# Who wears a neck knife?



## Mike9 (May 2, 2013)

I'm curious - I use an assisted opener for my EDC, but sometimes getting it off my belt is more time consuming than it should be. For lift and tall ladder work I wear a neck knife. I've acquired several with 5.11 boot purchases and the "boot knife" can be rigged for a "neck knife". If I'm rigging, or just cutting old rigging away and hanging on with one hand I like the idea of going for the chest as opposed to the belt.

Anyone else wear one for job specific or just a convenience or even a cool factor?

Believe me I'd like to get a fitted kydex sheath made for one of my Del parers - I think they'd make excellent neck knives.


----------



## don (May 2, 2013)

Mike9 said:


> Believe me I'd like to get a fitted kydex sheath made for one of my Del parers - I think they'd make excellent neck knives.

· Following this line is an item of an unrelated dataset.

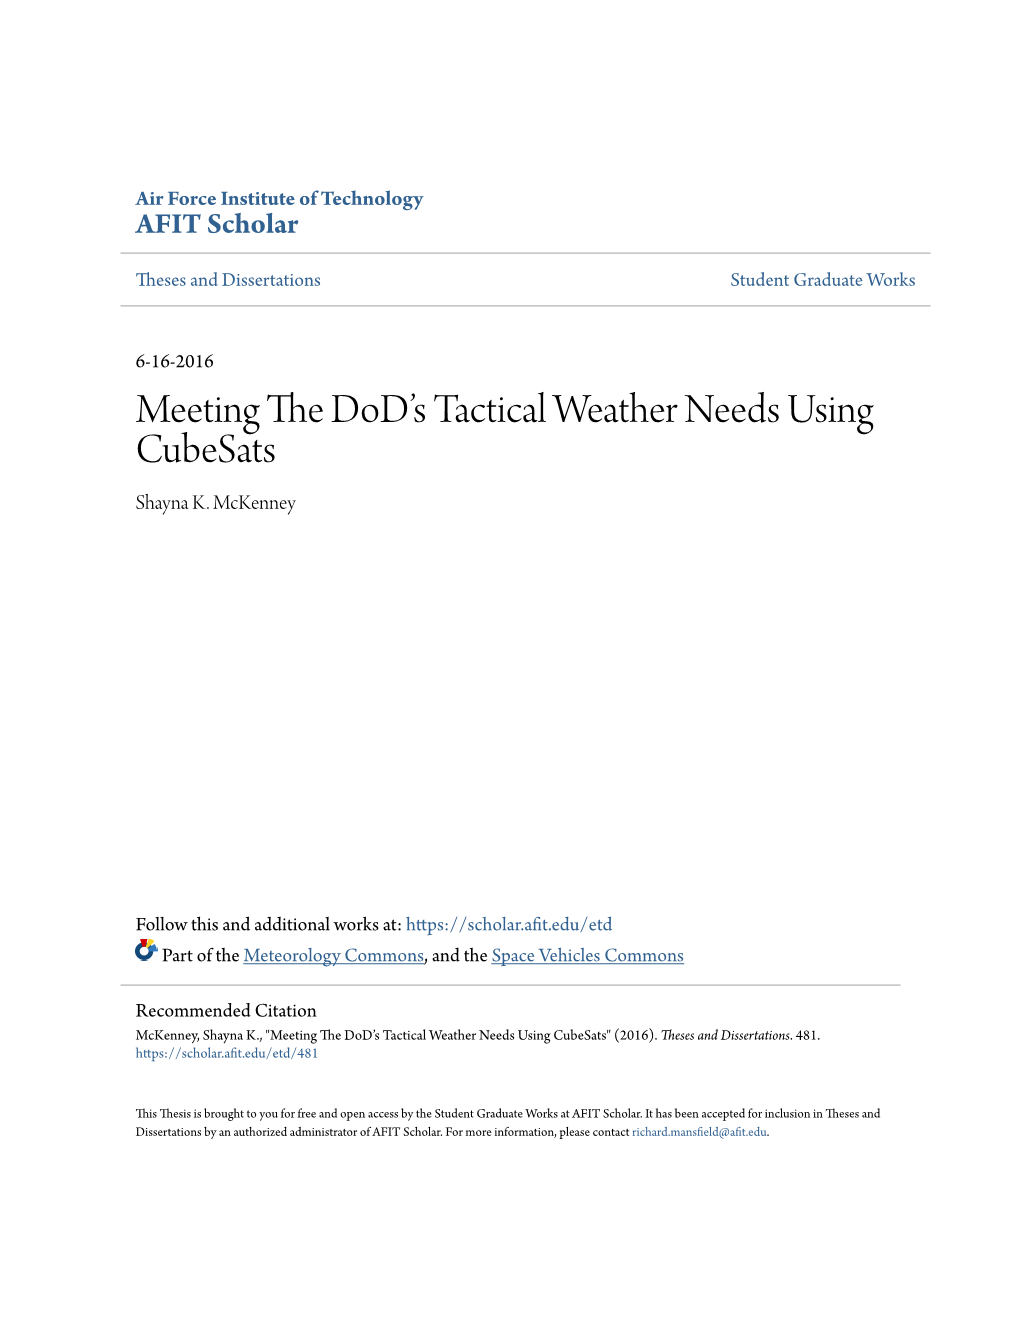 Meeting the Dod's Tactical Weather Needs Using Cubesats

I'd be interested in the same.


----------



## Lefty (May 2, 2013)

DIY! They're simple if you can locate kydex. If not, I know a guy named Randy who......


----------



## Justin0505 (May 2, 2013)

I used a Carter necker as my EDC (at least until Mr. Rader sends me another package...) but I carry it in my pocket. This came from years of having issues with folders and the challenges they present when uses in precarious, 1-handed situations or when worn with dress pants in not particular knife-friendly settings. 
I hitch the lanyard to my belt and hang the sheath and knife down into my pocket. It pretty much solves the retention issue / having a clipping knife accidentally fall off your belt or out of your pocket and is very fast and easy to deploy. If you're in a spot where reaching into your pocket is awkward, or you're needing to access it frequently, you can just pull it out using the lanyard and let it hang at your side.


----------



## Justin0505 (May 2, 2013)

Easier to understand in video: 

[video=youtube_share;51YyC7MdnbE]http://youtu.be/51YyC7MdnbE[/video]

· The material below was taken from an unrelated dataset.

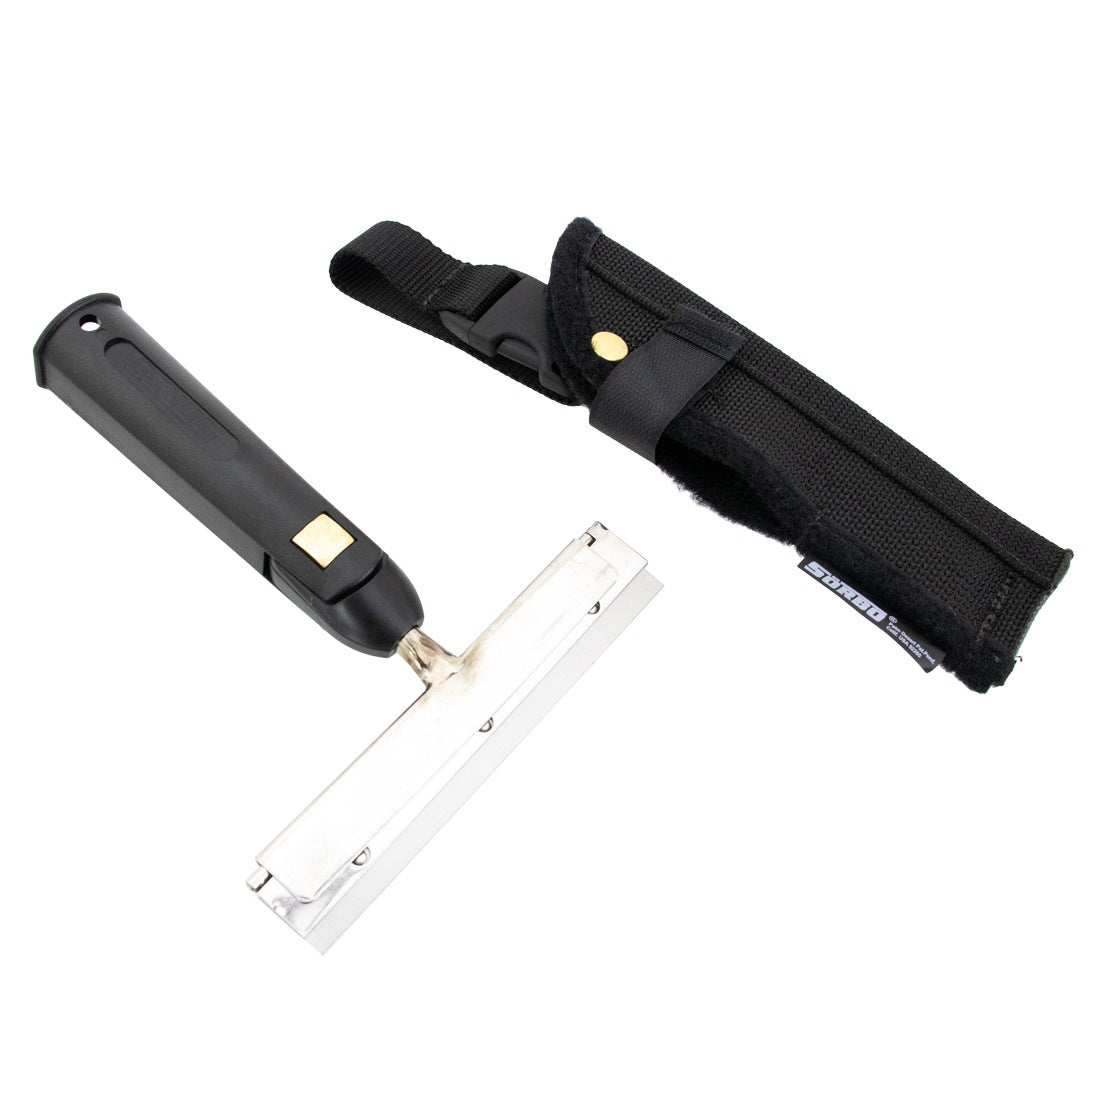 Sörbo Horizontal Swivel Scraper with Holster - 6 Inch - Scraper and Holster Side-by-Side View

I bet one of HHH's new parring knives would work pretty well too.


----------



## xuz (May 2, 2013)

I have carter neck knife but rarely use it because it is uncomfortable to wear. In addition paracord is pertty dangerous around the neck. 
I just find that a good Sabenza or Paramilitary 2, deployable in 2 to 3 seconds, is much more viable for EDC.

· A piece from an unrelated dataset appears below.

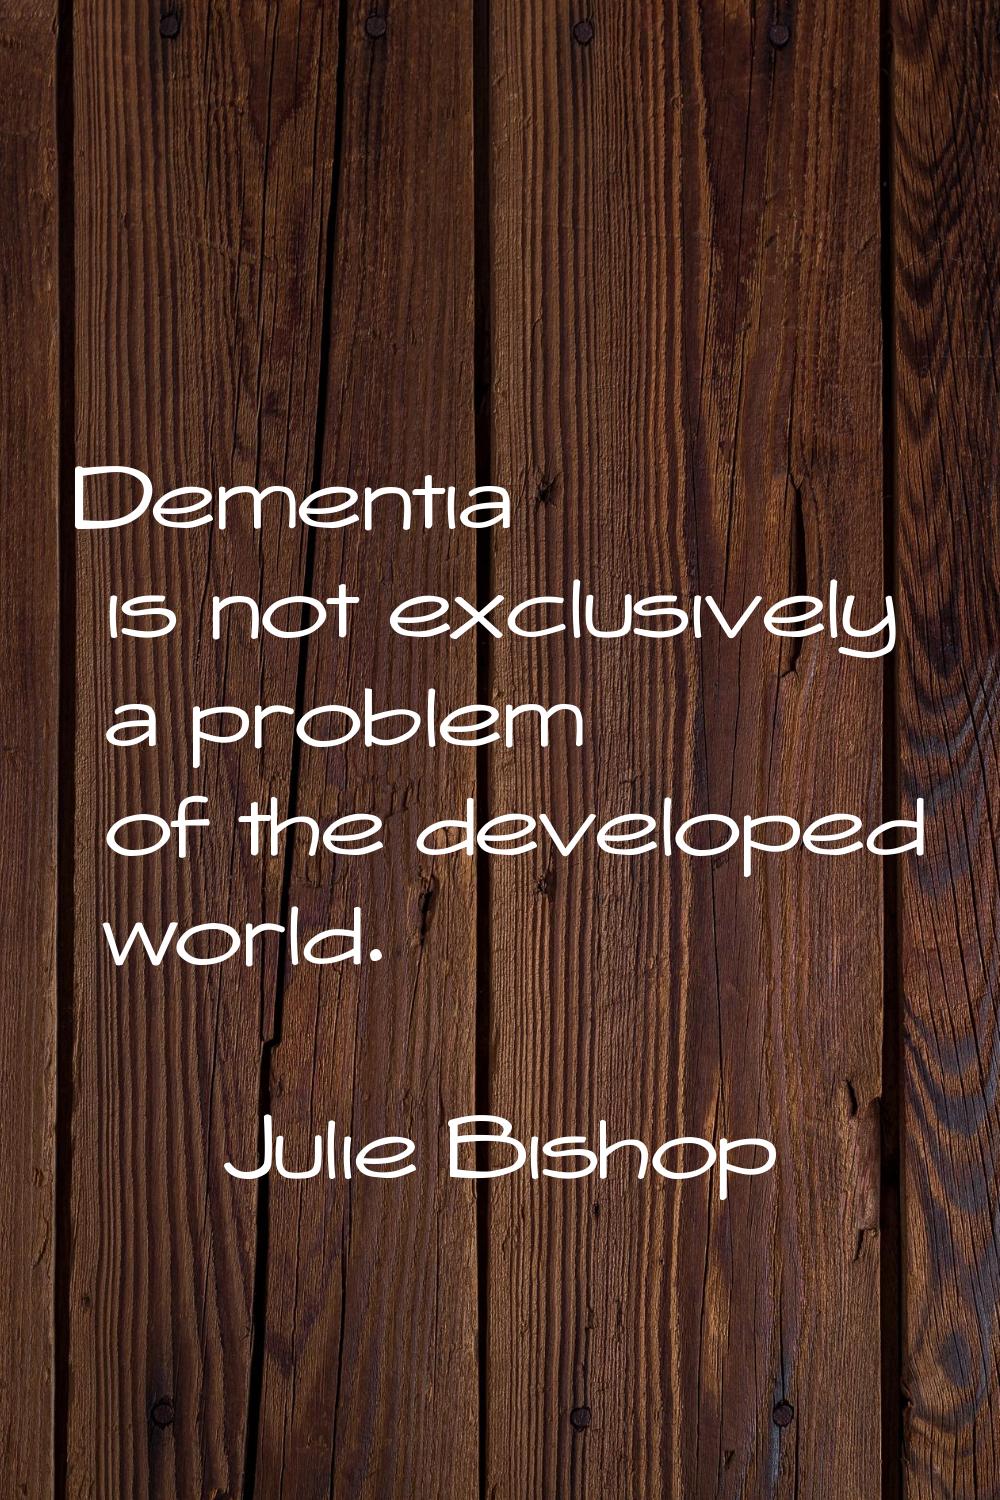 Dementia is not exclusively a problem of the developed world.

But I think a kydex sheath in the style of HHH's falcon might actually be pretty handy.[video=youtube;SEWwZWaxb50]http://www.youtube.com/watch?v=SEWwZWaxb50[/video]
If only putting the blade back into the sheath was as fast and pulling it out.


----------



## Lefty (May 2, 2013)

Randy and I made a couple badass little neckers when I went to see him, and they're great little knives. But, after I nicked myself, pulling the knife out, or putting it back in, for the fifth time, it got relegated to mail duty. I still love that little knife, too, dammit.


----------



## Burl Source (May 2, 2013)

Everyone I know who had a kydex sheath (just 3 people) for their neck knife eventually replaced it with leather.
The kydex tends to scratch the blade. ...and it feels like plastic against your skin.
I know I am generalizing and inflicting my opinion on you.
A wet formed leather sheath holds the knife in place and looks better than riveted plastic in my opinion.

Here are my neckers


----------



## Justin0505 (May 2, 2013)

That "talon" design of randy's is really clever. He's an innovative dude. 
I don't really care about a few scratches on my EDC blade, because it's going to get plenty just from using it. Leather sure is pretty, but I really like that positive "click" of kydex or cf and the way I carry it, it never comes in contact with my skin. When it comes to edc stuff be it guns or knives I alway take function over looks. Not to say that leather isn't functional, I guess it's just not for me in that application.


----------



## GlassEye (May 3, 2013)

Mike9 said:


> I'm curious - I use an assisted opener for my EDC, but sometimes getting it off my belt is more time consuming than it should be. For lift and tall ladder work I wear a neck knife. I've acquired several with 5.11 boot purchases and the "boot knife" can be rigged for a "neck knife". If I'm rigging, or just cutting old rigging away and hanging on with one hand I like the idea of going for the chest as opposed to the belt.
> 
> Anyone else wear one for job specific or just a convenience or even a cool factor?
> 
> Believe me I'd like to get a fitted kydex sheath made for one of my Del parers - I think they'd make excellent neck knives.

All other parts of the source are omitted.